• What is expected: What is needed here is an exact printout of the data, with no pictures included.

• Raw data:
+---+

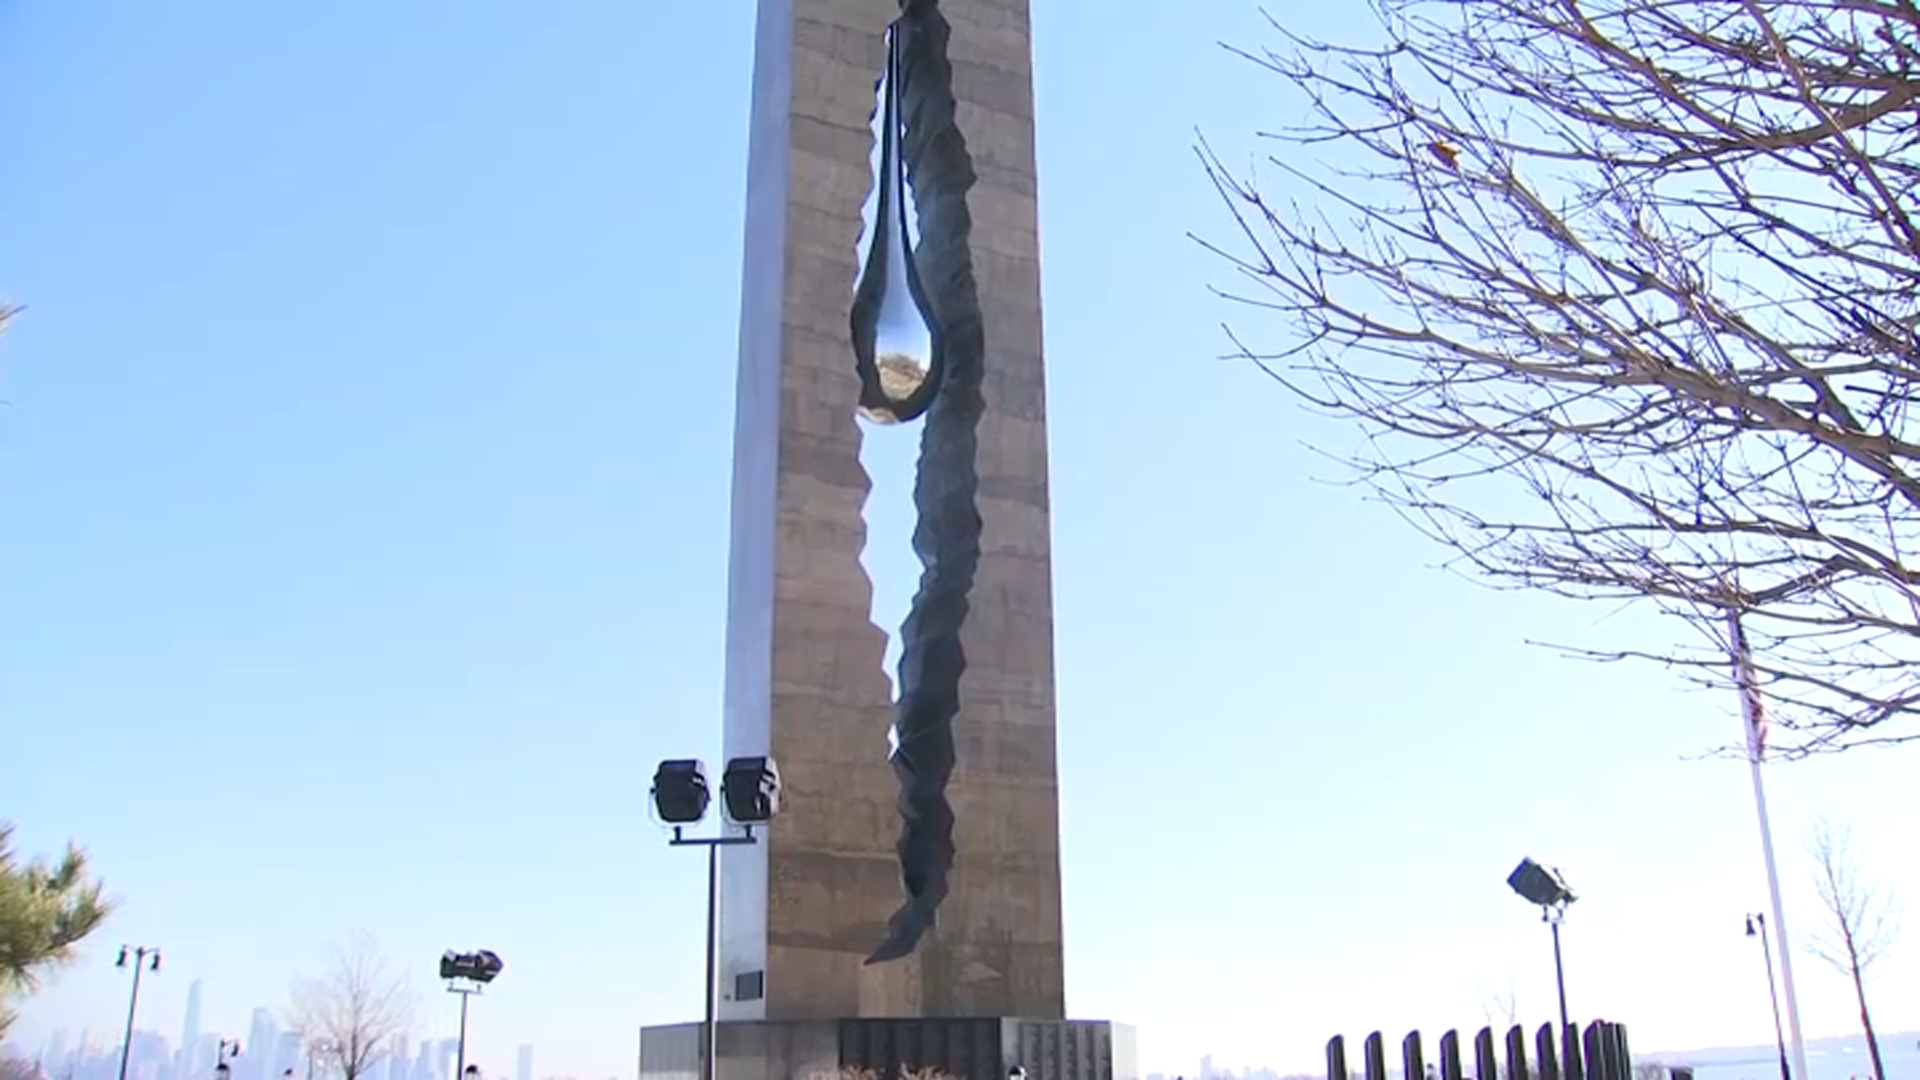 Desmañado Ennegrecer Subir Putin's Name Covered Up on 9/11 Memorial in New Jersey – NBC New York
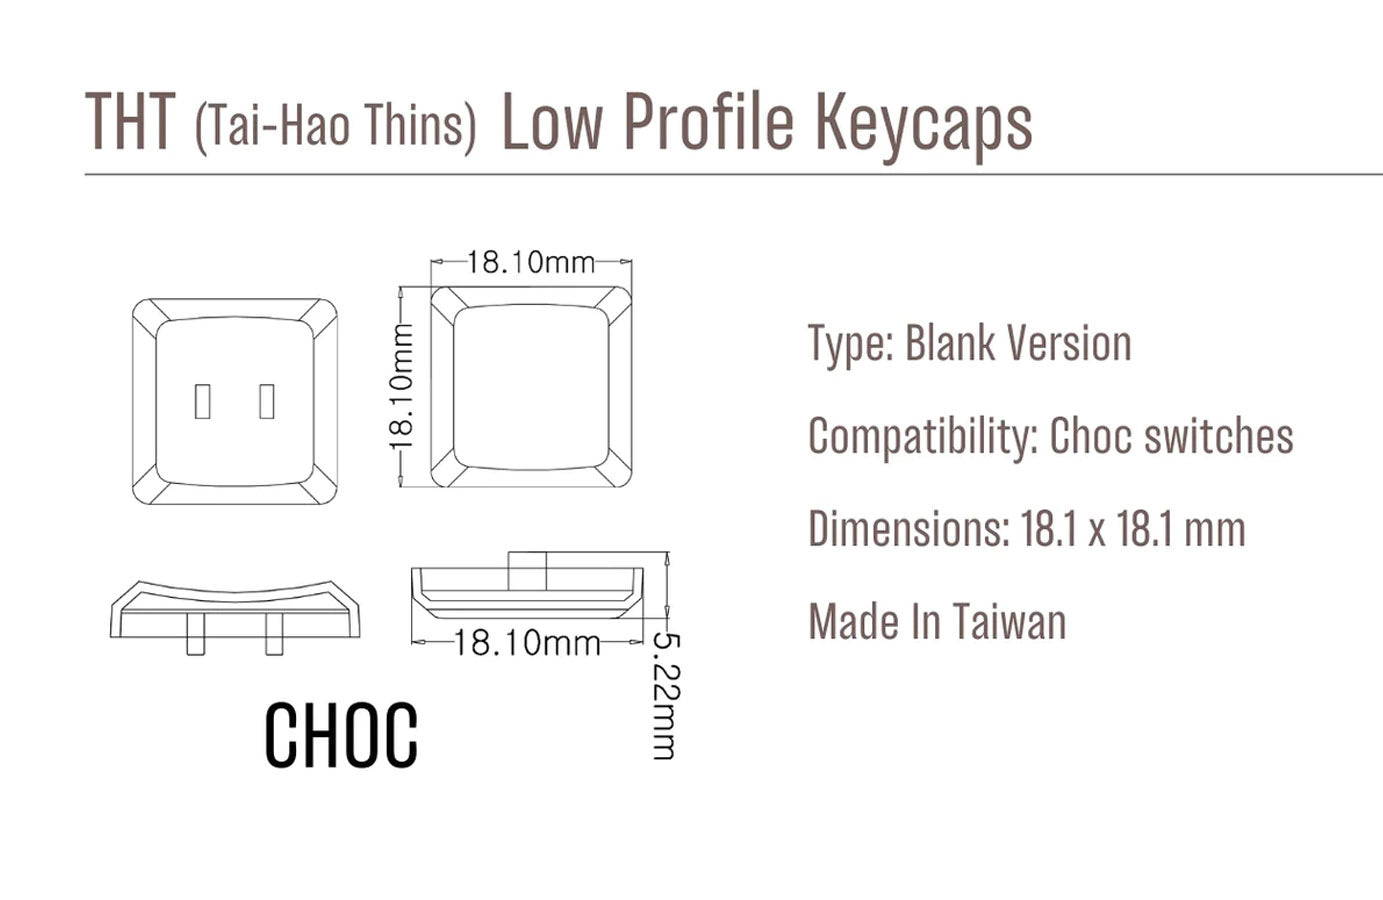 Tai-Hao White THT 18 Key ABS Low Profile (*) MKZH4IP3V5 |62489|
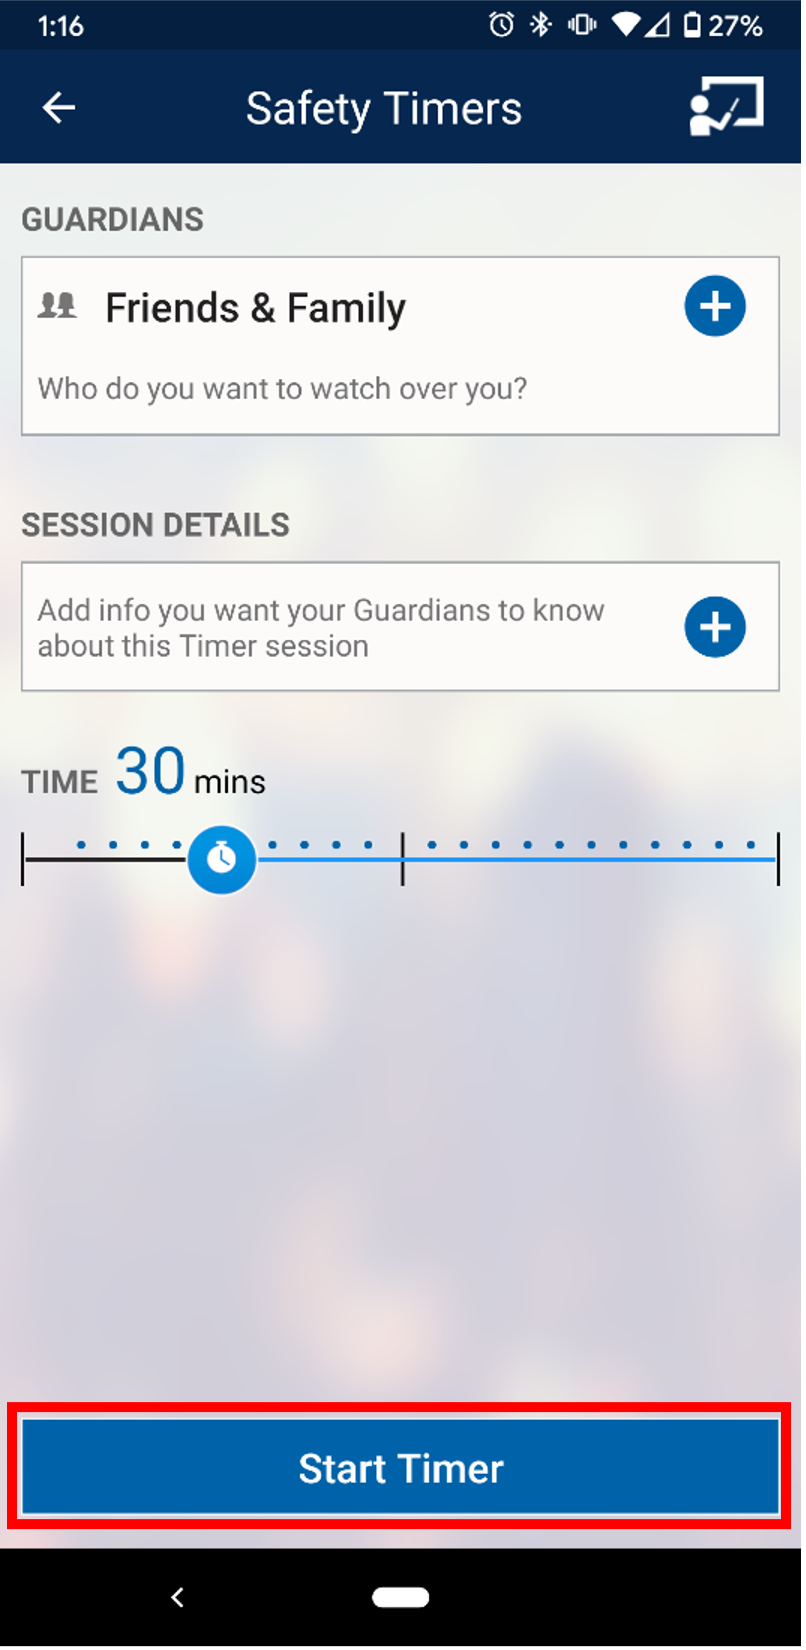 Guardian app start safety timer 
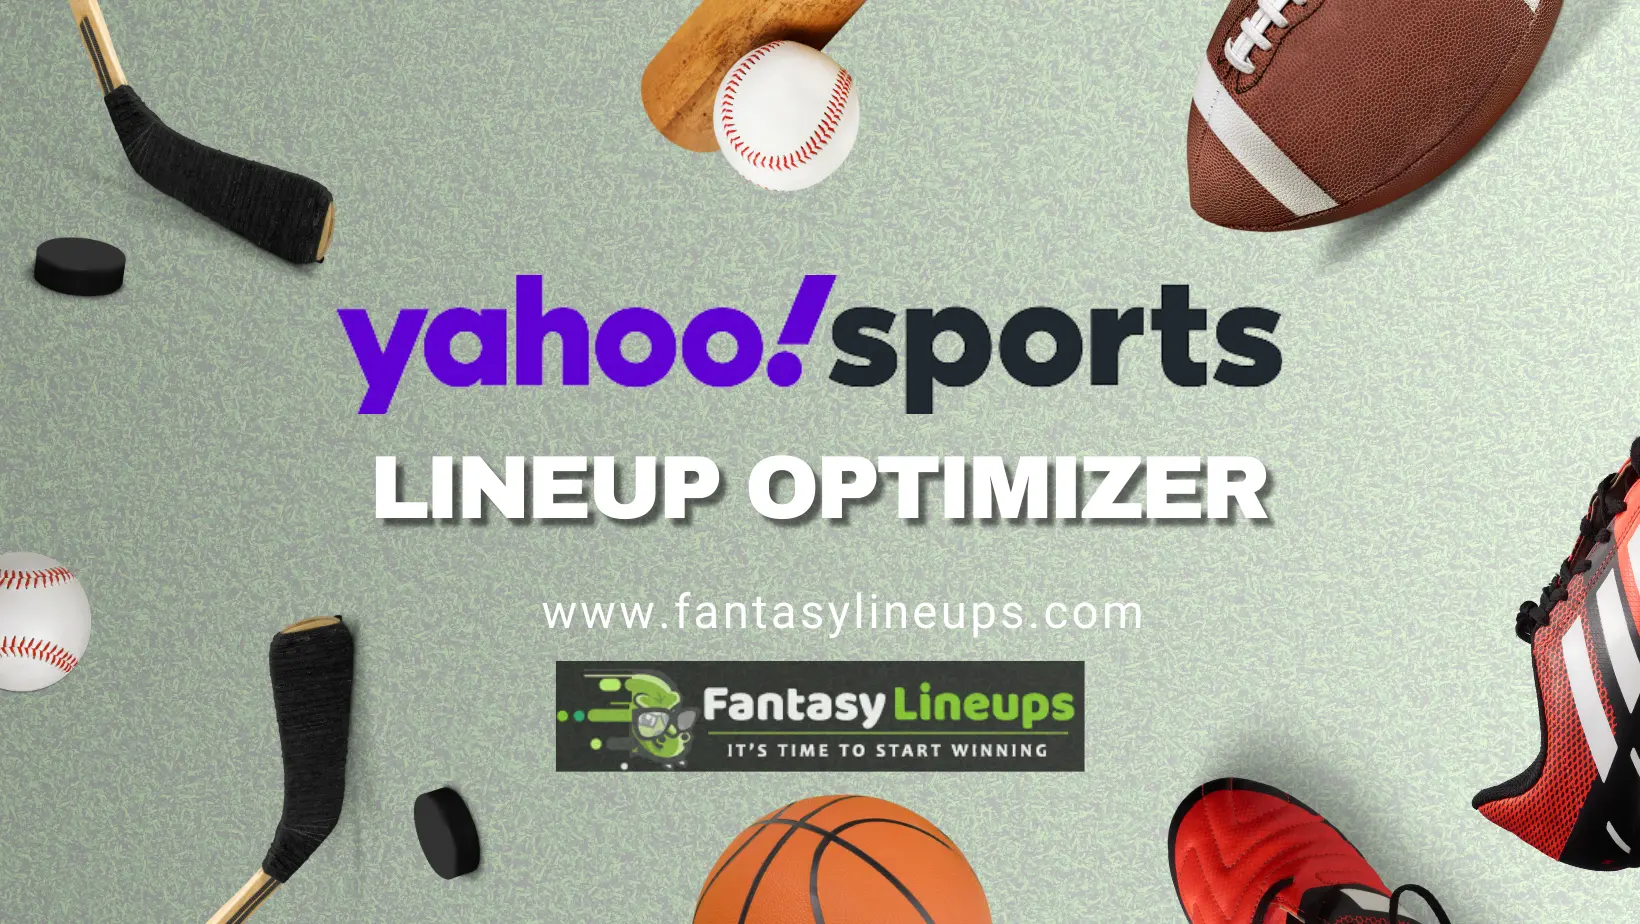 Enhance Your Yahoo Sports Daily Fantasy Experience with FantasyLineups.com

+---+

• Output for this task:
 Desmañado Ennegrecer Subir Putin's Name Covered Up on 9/11 Memorial in New Jersey – NBC New York
 Tai-Hao White THT 18 Key ABS Low Profile (*) MKZH4IP3V5 |62489|
 Guardian app start safety timer 
 Enhance Your Yahoo Sports Daily Fantasy Experience with FantasyLineups.com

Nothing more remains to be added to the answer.